HEK-293T cells expressing either wild-type or mutant β1-AR, as well as cultured primary cortical neurons, were lysed with 1 ml of lysis buffer (50 mM HEPES [pH 7.5], 150 mM NaCl, 1% Triton X-100, 10% glycerol, 1.5 mM MgCl2, 1.0 mM EGTA, 10 mg of leupeptin/ml, 10 mg of aprotinin/ml, 1 mM phenylmethylsulfonyl fluoride) and cleared by centrifugation at 14,000 rpm for 15 to 20 min. The cleared supernatants were used for pulldown and coimmunoprecipitation experiments. For pulldown experiments, cell lysates (500 μg) were incubated with 50 μg of GST or GST-CNrasGEF-PDZ (GST-PDZ) protein on glutathione-Sepharose beads for 2 h at 4°C. Beads were washed twice with 1 ml of high-salt HNTG (20 mM HEPES [pH 7.5], 500 mM NaCl, 10% glycerol, 0.1% Triton X-100) and twice with HNTG (20 mM HEPES [pH 7.5], 150 mM NaCl, 10% glycerol, 0.1% Triton X-100). Bound proteins were eluted from the beads with 1× sodium dodecyl sulfate-polyacrylamide gel electrophoresis (SDS-PAGE) sample buffer, resolved by SDS-PAGE, and transferred to nitrocellulose membrane. Bound β1-AR was identified with anti-HA antibody (1:10,000) or β1-AR antibody (1:5,000), followed by treatment with secondary antibodies and enhanced chemiluminescence detection (Amersham). For the in vitro binding experiment, His-tagged wild-type or mutant β1-AR (20 μg) was incubated with GST or GST-PDZ (20 μg) immobilized on glutathione-Sepharose beads in HNTG for 2 h at 4°C. Bound β1-AR was identified by using anti-His antibody (1:2,000). For coimmunoprecipitations, HEK-293T cell lysates expressing either untransfected or transfected HA-β1-AR and Flag-CNrasGEF (500 μg of each) were incubated with anti-HA antibody for 1 h at 4°C, followed by the addition of 30 μl of protein G-Sepharose for an additional 1 h. After six washes with 1 ml of lysis buffer, the immunoprecipitated proteins were eluted from beads with 1× SDS-PAGE sample buffer, resolved by SDS-PAGE, and subjected to immunoblotting with anti-Flag antibody (1:10,000).

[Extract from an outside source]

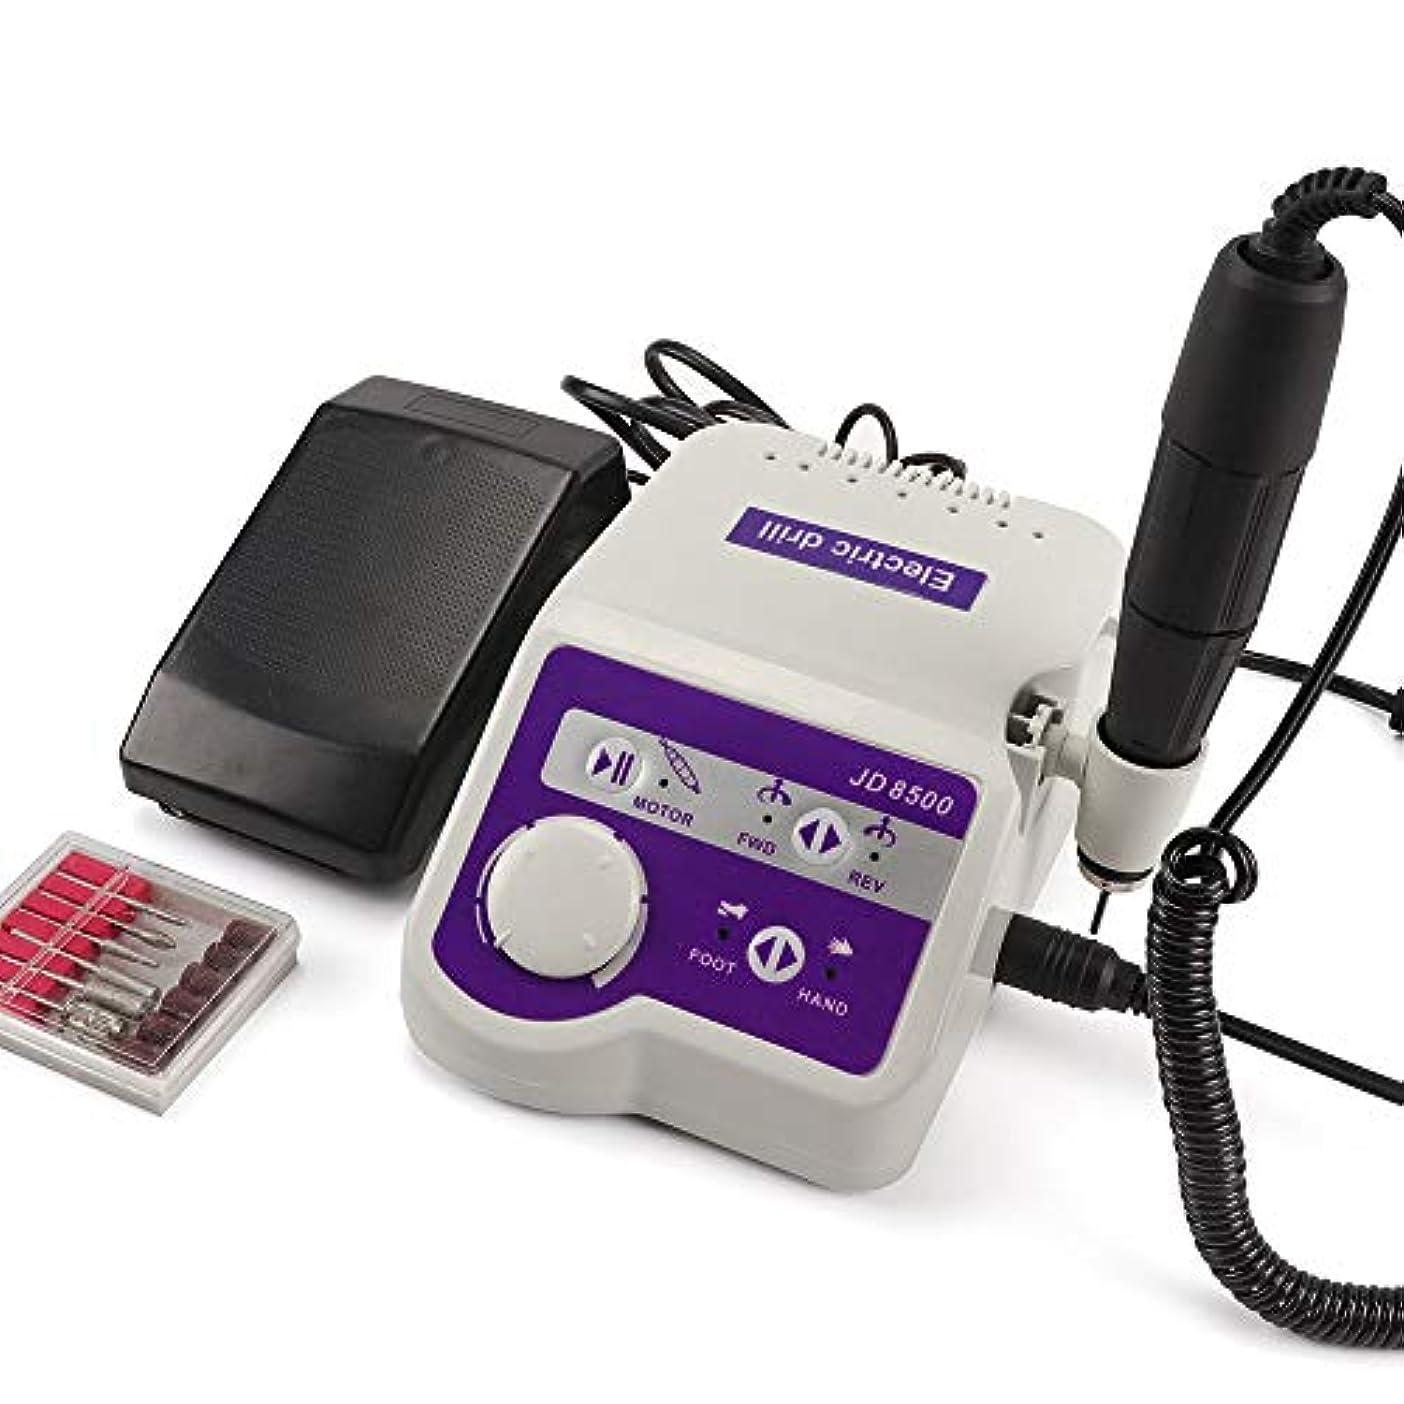 リスキーな刃回想65ワット35000 rpmプロフェッショナルJD8500電動ネイルドリル機35000 rpmマニキュアツールペディキュアポリッシャーネイルアート機器

Immunofluorescent confocal microscopy.

HEK-293T cells at 48 h posttransfection or primary cultured neurons and coronary artery smooth muscle cells after 7 to 10 days in culture were fixed with 4% paraformaldehyde in phosphate-buffered saline (PBS) for 10 min and/or permeabilized with 0.25% Triton X-100. Transfected HA-β1-AR expressed in HEK-293T cells was first stained with anti-HA antibody (1:1,000) and then stained with Cy3-conjugated anti-mouse secondary antibody (1:500). Endogenous β1-AR in coronary artery smooth muscle cells was stained with anti-β1-AR antibody (1:200) and Cy3-conjugated anti-rabbit secondary antibody (1:200). Endogenous CNrasGEF in that primary cultures was stained with anti-CNrasGEF antibody (1:200) and fluorescein isothiocyanate (FITC)-conjugated anti-rabbit secondary antibody (1:300). Since both anti-β1-AR and anti-CNrasGEF antibodies are polyclonal, we covalently conjugated the β1-AR antibody to the fluorophore TRITC prior to double-labeling experiments according to the manufacturer's instructions (Pierce). For double-labeling experiments, primary cortical neurons were first stained with anti-CNrasGEF antibody (1:200), subsequently stained with FITC-conjugated anti-rabbit secondary antibody (1:200), and then stained with anti-β1-AR antibody, which was conjugated with TRITC (1:50). The specificity of the staining was tested with either rabbit preimmune serum (for CNrasGEF) or normal rabbit serum conjugated with TRITC (1:50) (for β1-AR). Subcellular localization of proteins was examined with a Zeiss confocal microscope, and the fluorescence intensity was quantified by using the LSM510 ImagePC software.

Ras activation.

HEK-293T cells were transfected with the various constructs described in the text, starved overnight, and then subjected to the indicated treatments. Cells were then lysed with Ras lysis buffer (25 mM HEPES [pH 7.5], 150 mM NaCl, 1% NP-40, 0.25% sodium deoxycholate, 10% glycerol, 25 mM NaF, 1 mM NaVO4, 10 mM MgCl2, 1 mM EDTA, 10 mg of leupeptin/ml, 10 mg of aprotinin/ml, 1 mM phenylmethylsulfonyl fluoride), and the level of Ras-GTP was determined by precipitation with a GST fusion protein of the Ras-binding domain on Raf1 (Raf-RBD; Upstate Biotechnology), which recognizes only active, GTP-bound Ras (12). Ras-GTP was detected by immunoblotting with anti-Ras antibodies (Quality Biotech).

cAMP production assay.

HEK-293T cells were transfected with appropriate constructs (106 cells/60-mm dish). Intracellular cAMP levels were measured by using a cAMP enzyme immunoassy kit (Amersham Pharmacia Biotech) according to the manufacturer's protocol.

RESULTS

CNrasGEF specifically binds to β1-AR but not to β2-AR.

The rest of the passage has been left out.